> [EXERCISE INSTRUCTIONS]
Transcribe exactly everything in the data below from the line containing "Nu är hösten" down to the line containing "Модуль памяти для", both lines included and nothing further.

> [MATERIAL FOR THIS TASK]
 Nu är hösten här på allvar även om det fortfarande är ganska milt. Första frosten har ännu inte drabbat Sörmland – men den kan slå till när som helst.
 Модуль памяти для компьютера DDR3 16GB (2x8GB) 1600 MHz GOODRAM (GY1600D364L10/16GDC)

---

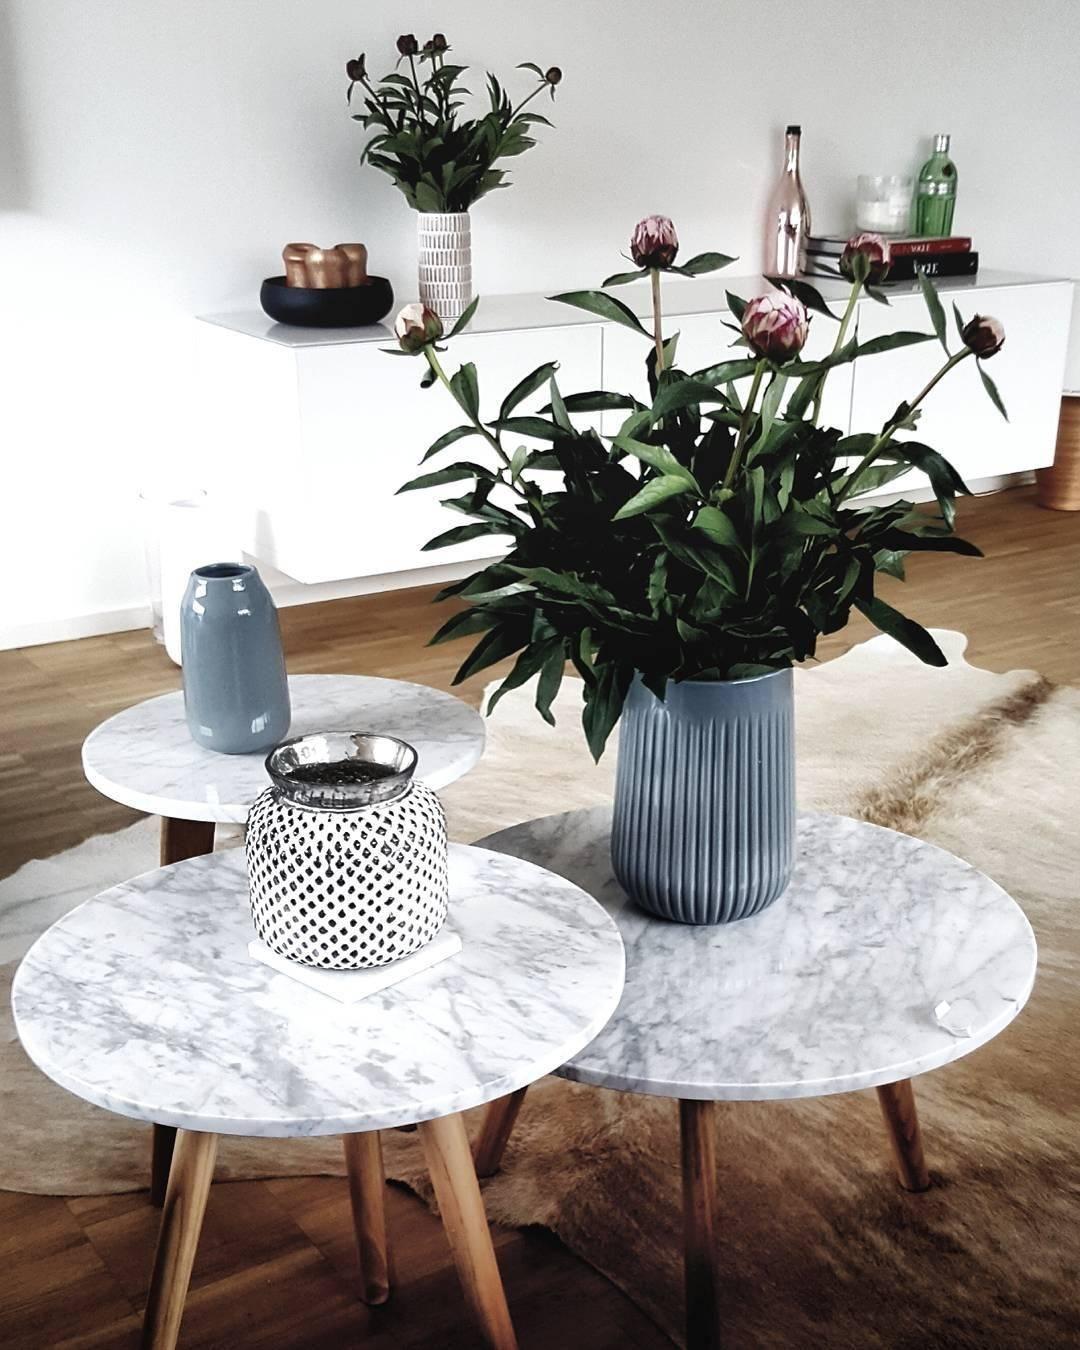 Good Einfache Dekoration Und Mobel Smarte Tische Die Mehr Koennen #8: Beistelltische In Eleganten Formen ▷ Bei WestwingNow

--

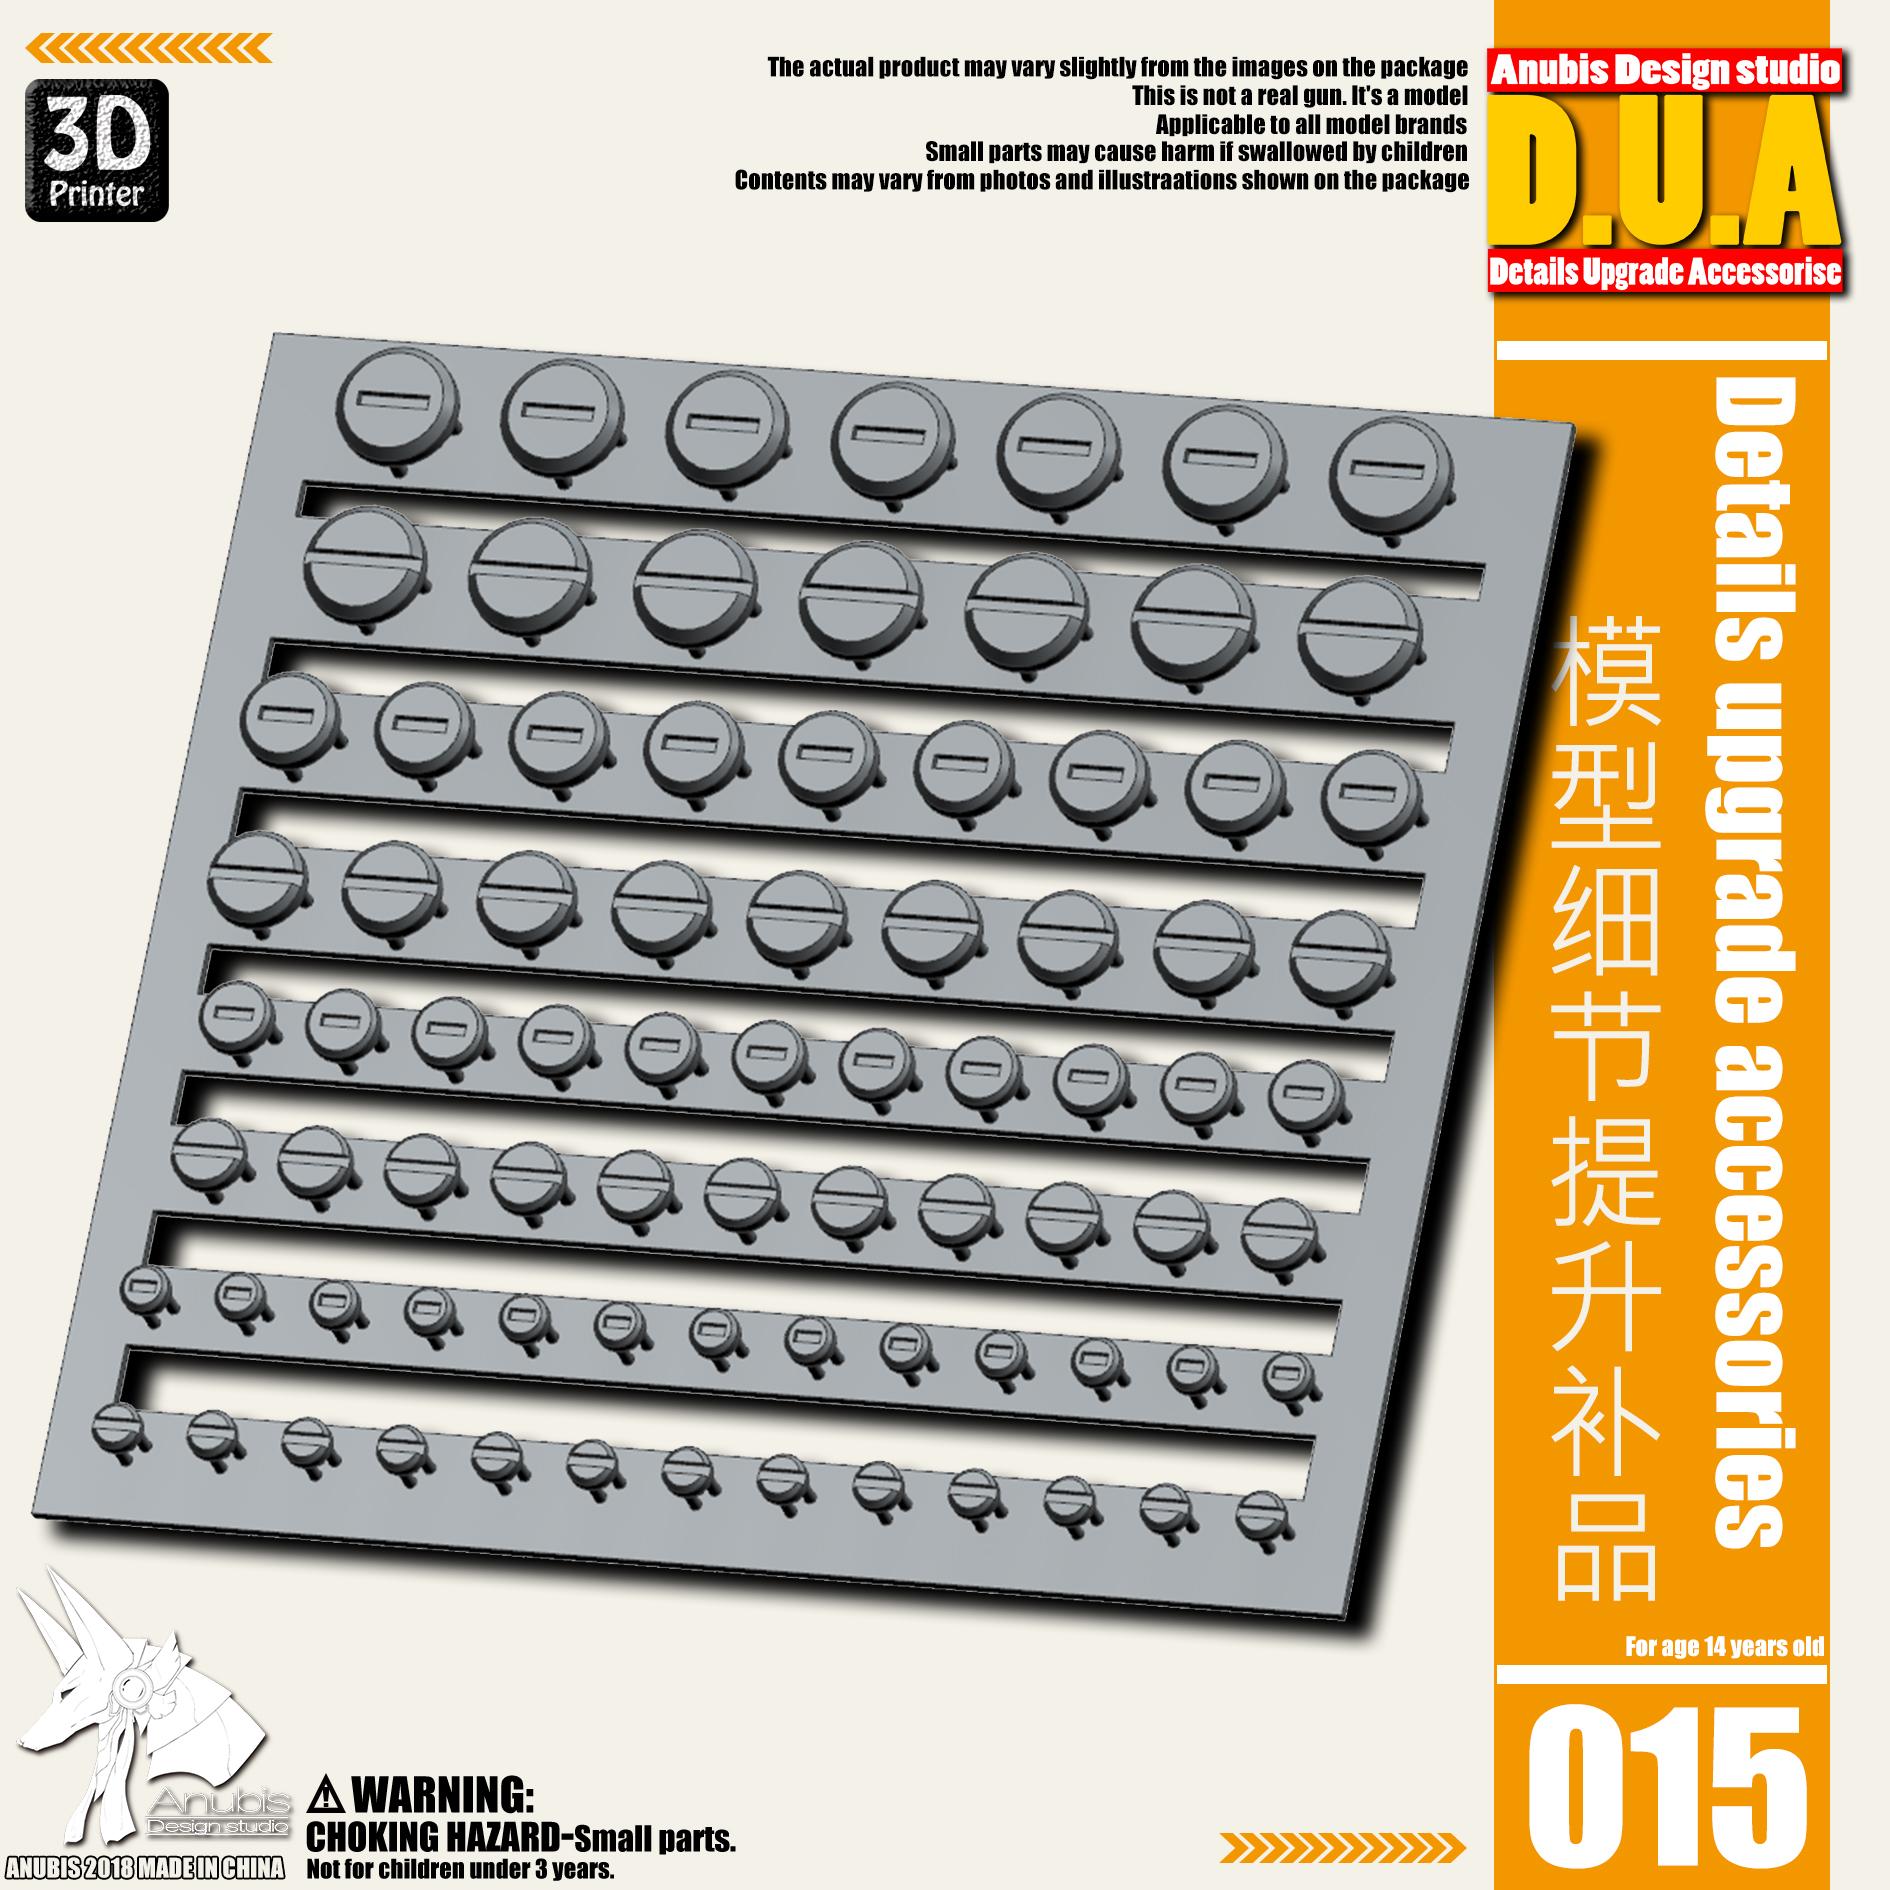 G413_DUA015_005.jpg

> [ANSWER AREA]
 Nu är hösten här på allvar även om det fortfarande är ganska milt. Första frosten har ännu inte drabbat Sörmland – men den kan slå till när som helst.
 Модуль памяти для компьютера DDR3 16GB (2x8GB) 1600 MHz GOODRAM (GY1600D364L10/16GDC)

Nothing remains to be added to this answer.